Pension plans. We have defined benefit pension plans covering approximately half of our employees. Determination of benefits differs for salaried, hourly and union employees as follows:

Salaried employee benefits are based on each employee’s highest monthly earnings for five consecutive years during the final 10 years before retirement.

Hourly and union employee benefits generally are stated amounts for each year of service.

Union employee benefits are set through collective-bargaining agreements.

We contribute to our U.S. and Canadian pension plans according to established funding standards. The funding standards for the plans are:

U.S. pension plans — according to the Employee Retirement Income Security Act of 1974 and

Canadian pension plans — according to the applicable provincial pension act and the Income Tax Act.
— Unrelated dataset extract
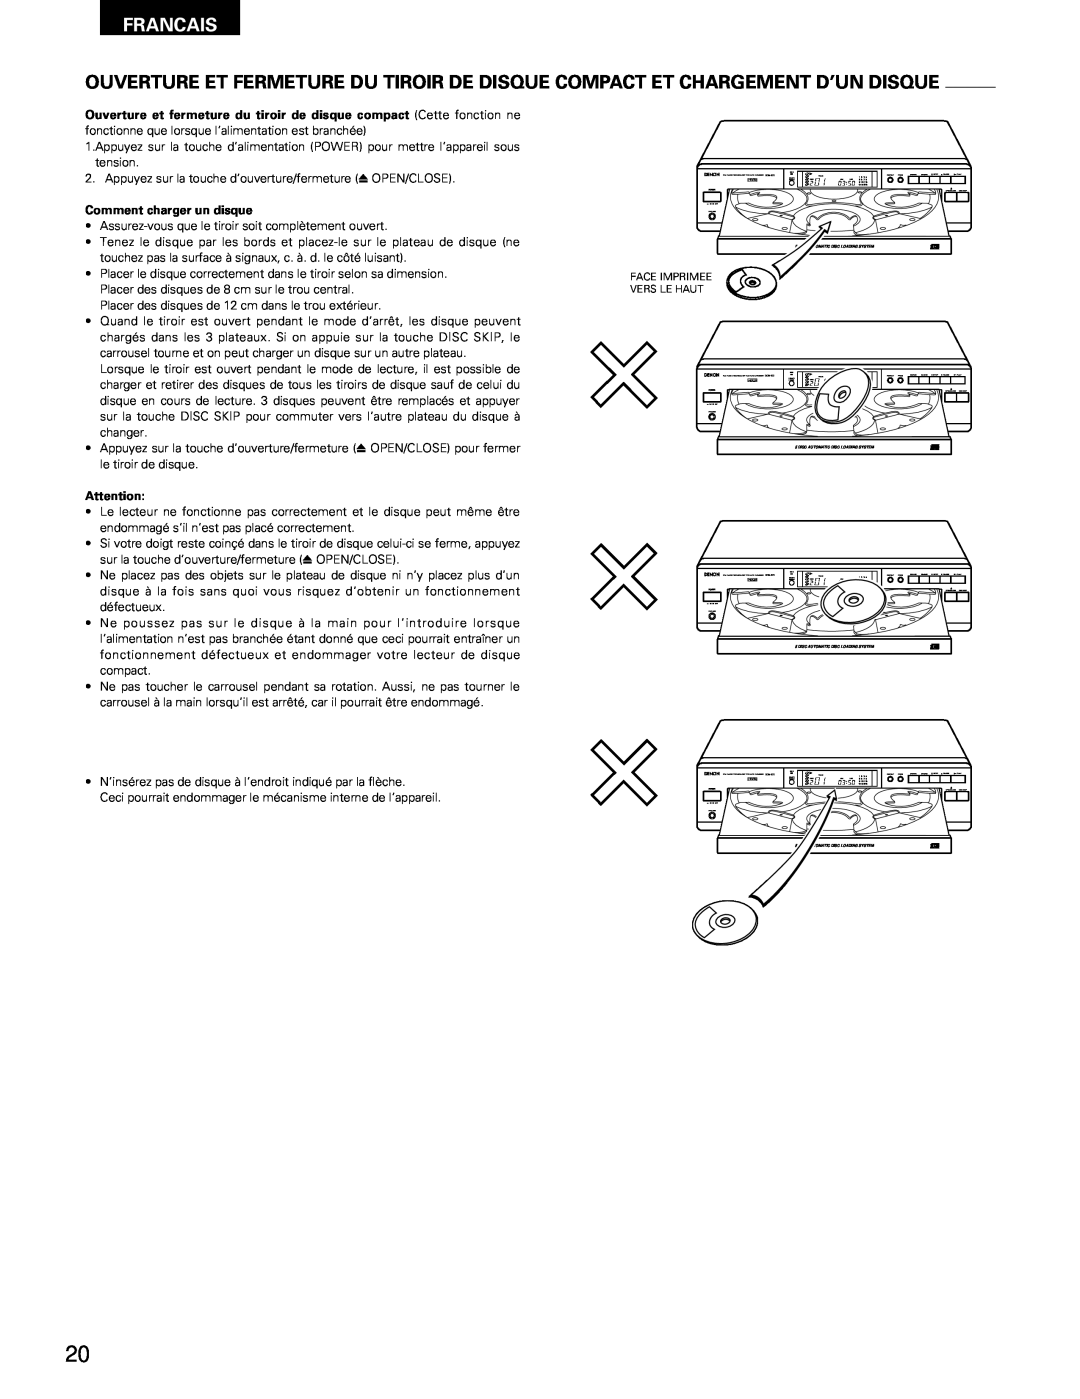 Denon DCM-370, 270 operating instructions Francais, Comment charger un disque

Postretirement benefits other than pensions. We provide certain postretirement health care and life insurance benefits for some retired employees. In some cases, we pay a portion of the cost of the benefit. Note 9: Pension and Other Postretirement Benefit Plans provides additional information about our postretirement benefit plans.

Environmental Remediation

Environmental Remediation

We accrue losses associated with environmental remediation obligations when such losses are probable and reasonably estimable. Future expenditures for environmental remediation obligations are not discounted to their present value. Recoveries of environmental remediation costs from other parties are recorded as assets when the recovery is deemed probable and does not exceed the amount of losses previously recorded.

Earnings Per Share

Basic earnings (loss) per share is net earnings (loss) available to common shareholders divided by the weighted average number of our outstanding common shares, including stock equivalent units where there is no circumstance under which those shares would not be issued.
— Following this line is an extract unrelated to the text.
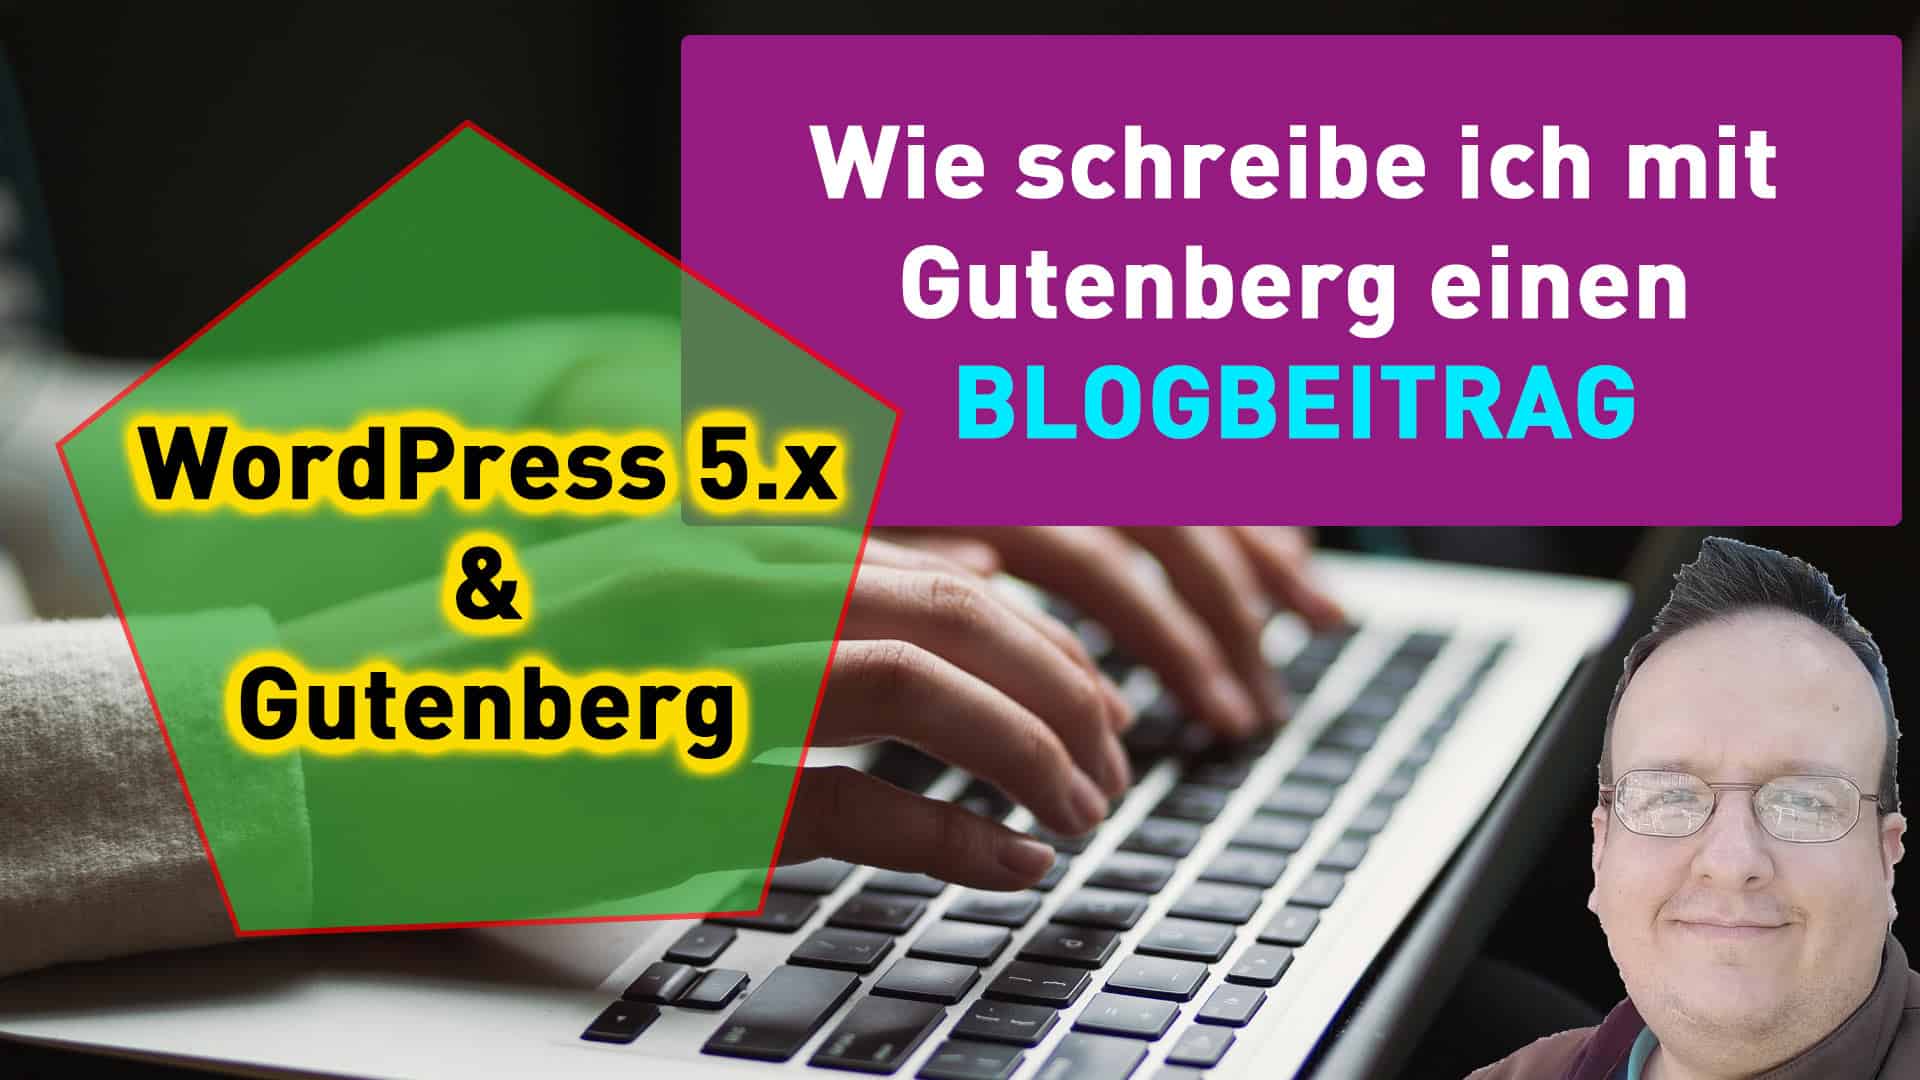 Wie schreibe ich mit Gutenberg einen Blogbeitrag?

Diluted earnings (loss) per share is net earnings (loss) available to common shareholders divided by the sum of the:

weighted average number of our outstanding common shares and

the effect of our outstanding dilutive potential common shares.

Dilutive potential common shares may include:

outstanding stock options,

restricted stock units and

performance share units.

We use the treasury stock method to calculate the dilutive effect of our outstanding stock options, restricted stock units and performance share units. Share-based payment awards that are contingently issuable upon the achievement of specified performance or market conditions are included in our diluted earnings per share calculation in the period in which the conditions are satisfied.

Stock Repurchase Programs Policy

All common stock repurchases under the 2016 and 2019 Repurchase Programs were made in open-market transactions.

We record share repurchases upon trade date as opposed to the settlement date when cash is disbursed. We record a liability to account for repurchases that have not been cash settled.
Share-based Compensation

HOW WE ACCOUNT FOR SHARE-BASED AWARDS

When accounting for share-based awards we:

use a fair-value-based measurement and

recognize the cost of share-based awards on our consolidated financial statements.

We recognize the cost of share-based awards on our Consolidated Statement of Operations over the required service period — generally the period from the date of the grant to the date when it is fully vested. Special situations include:

Awards that vest upon retirement — the required service period ends on the date an employee is eligible for retirement, including early retirement.

Awards that continue to vest following job elimination or the sale of a business — the required service period ends on the date the employment from the company is terminated.

In these special situations, compensation expense from share-based awards is recognized over a period that is shorter than the stated vesting period.